The range to repeat runs from the line with "Abu Garcia /" to the last line below, both ends included; give it exactly and without pictures.
[[ SOURCE DATA open ]]
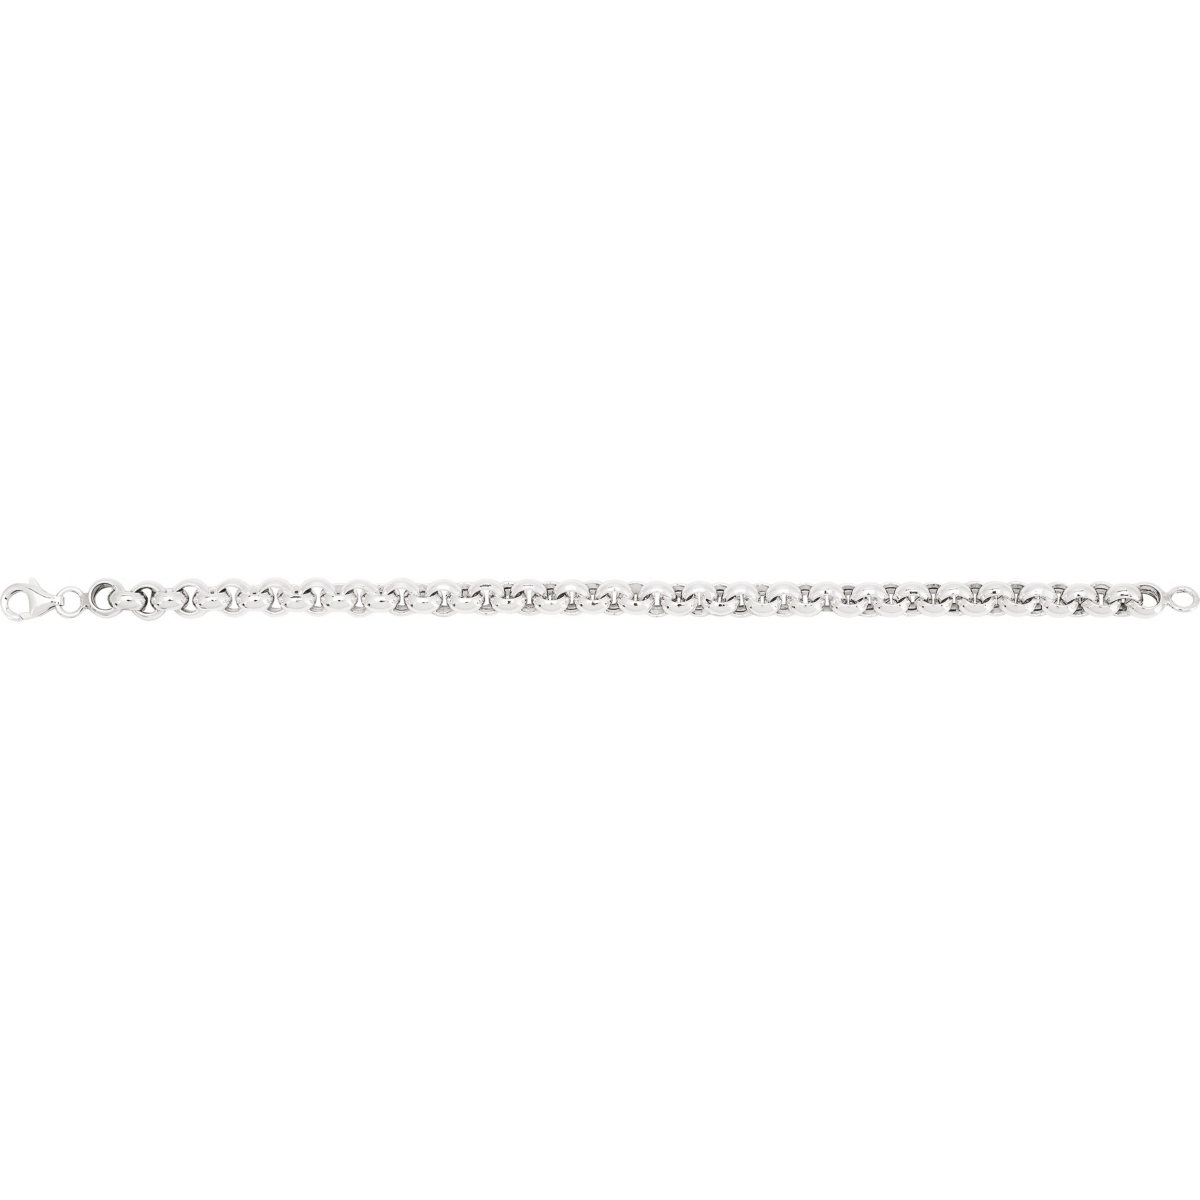 Necklace rh925 Silver Lua Blanca  454412J - Size 50
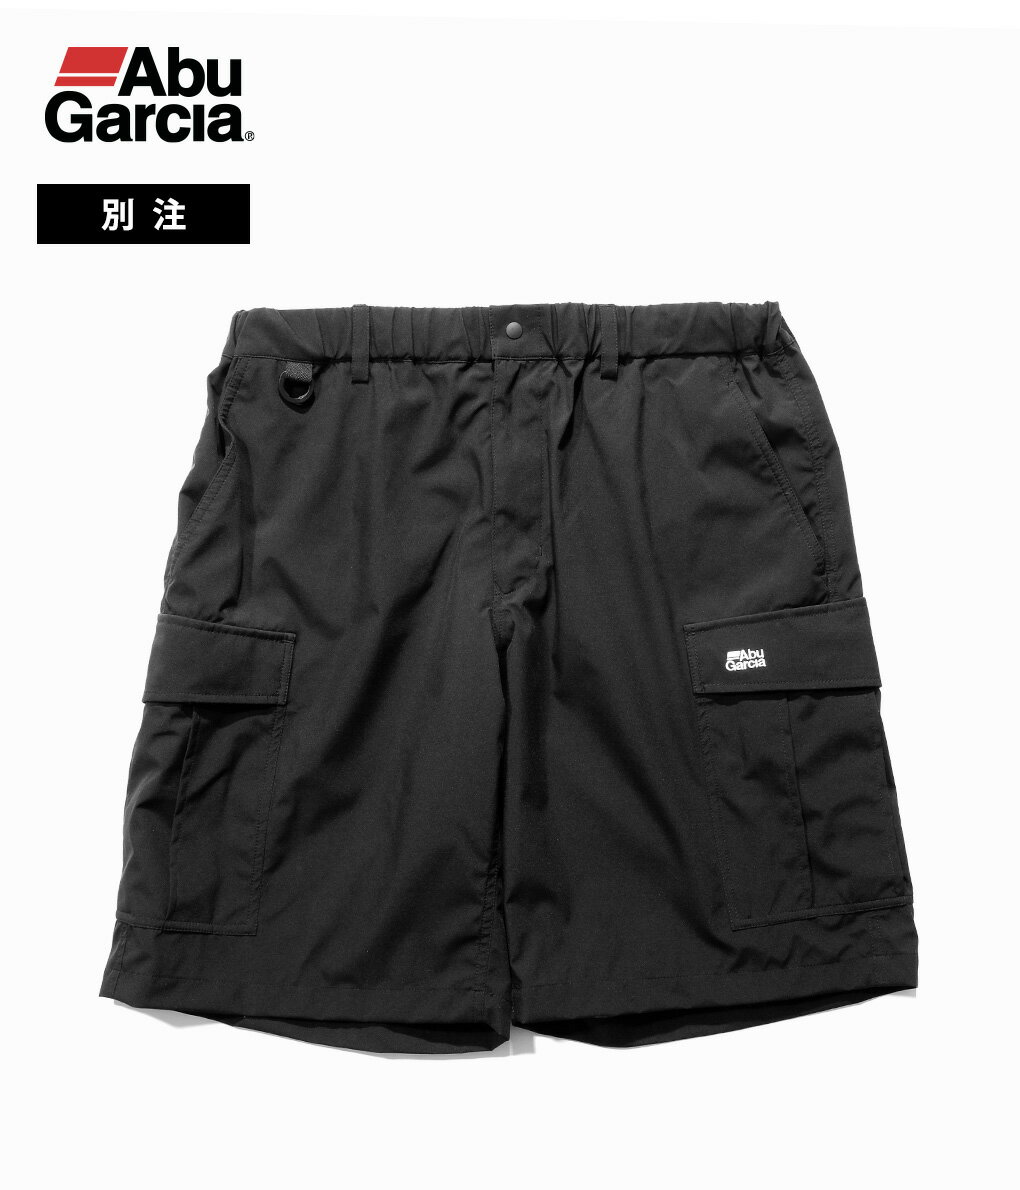 Abu Garcia / アブガルシア : 別注 Cargo shorts : カーゴショーツ ハーフパンツ ショートパンツ ボトムス 防水 通気性 フィッシング 釣り アウトドア キャンプ ミリタリー ウエスト調整可 セットアップ: ONLYARK-0-3004
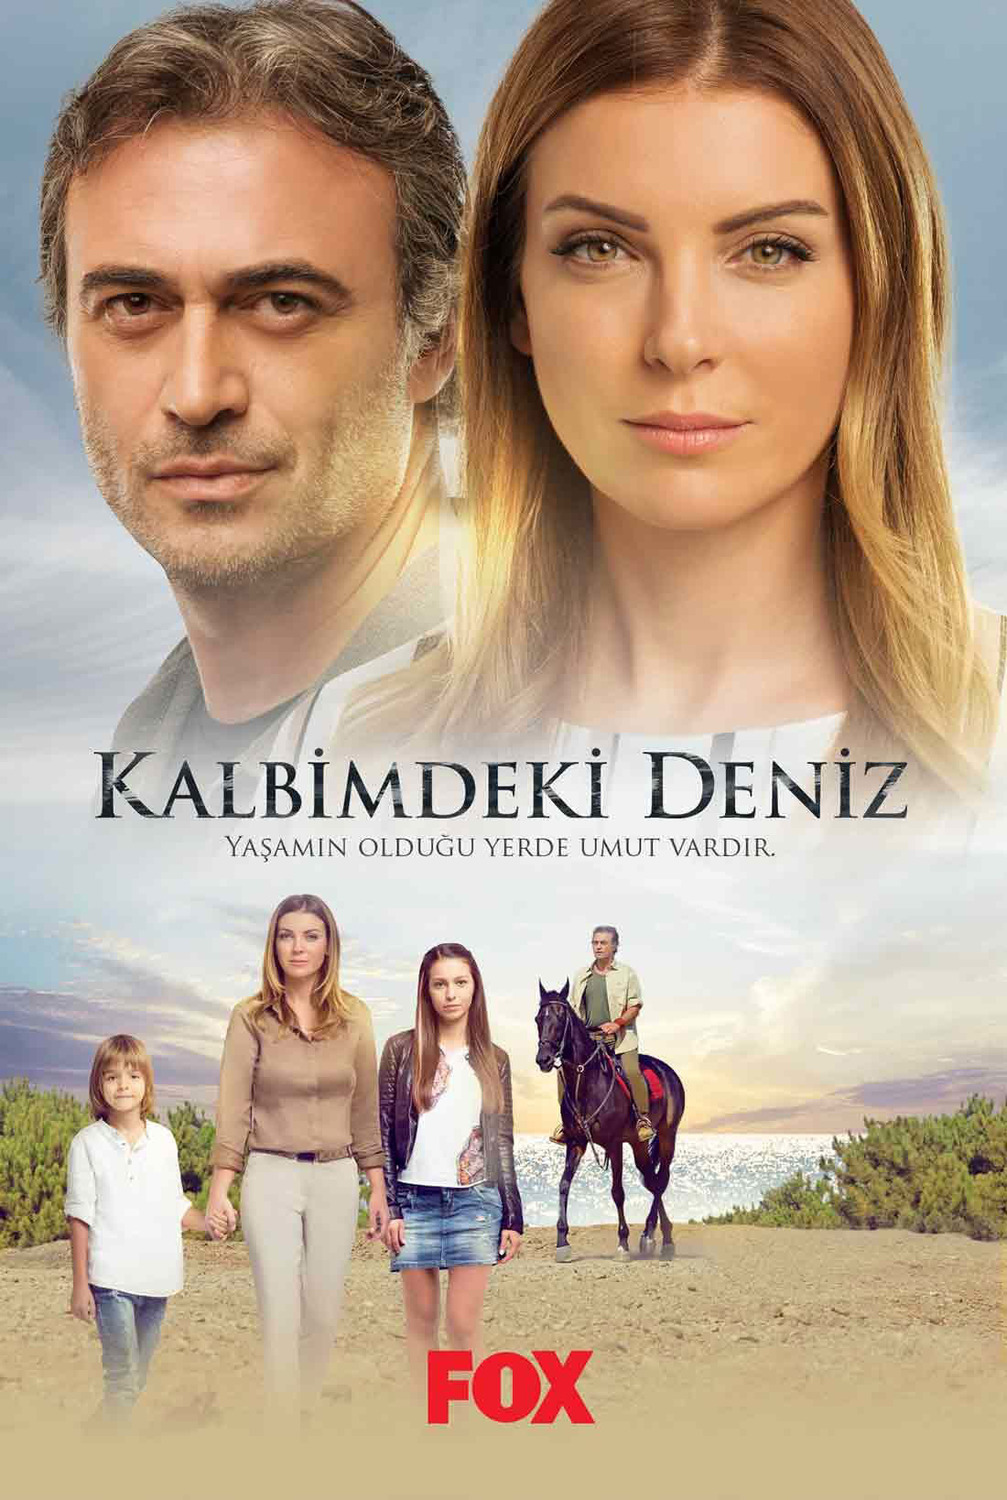 Extra Large TV Poster Image for Kalbimdeki Deniz (#3 of 3)
[[ SOURCE DATA closed ]]
#### YOUR RESPONSE
 Abu Garcia / アブガルシア : 別注 Cargo shorts : カーゴショーツ ハーフパンツ ショートパンツ ボトムス 防水 通気性 フィッシング 釣り アウトドア キャンプ ミリタリー ウエスト調整可 セットアップ: ONLYARK-0-3004
 Extra Large TV Poster Image for Kalbimdeki Deniz (#3 of 3)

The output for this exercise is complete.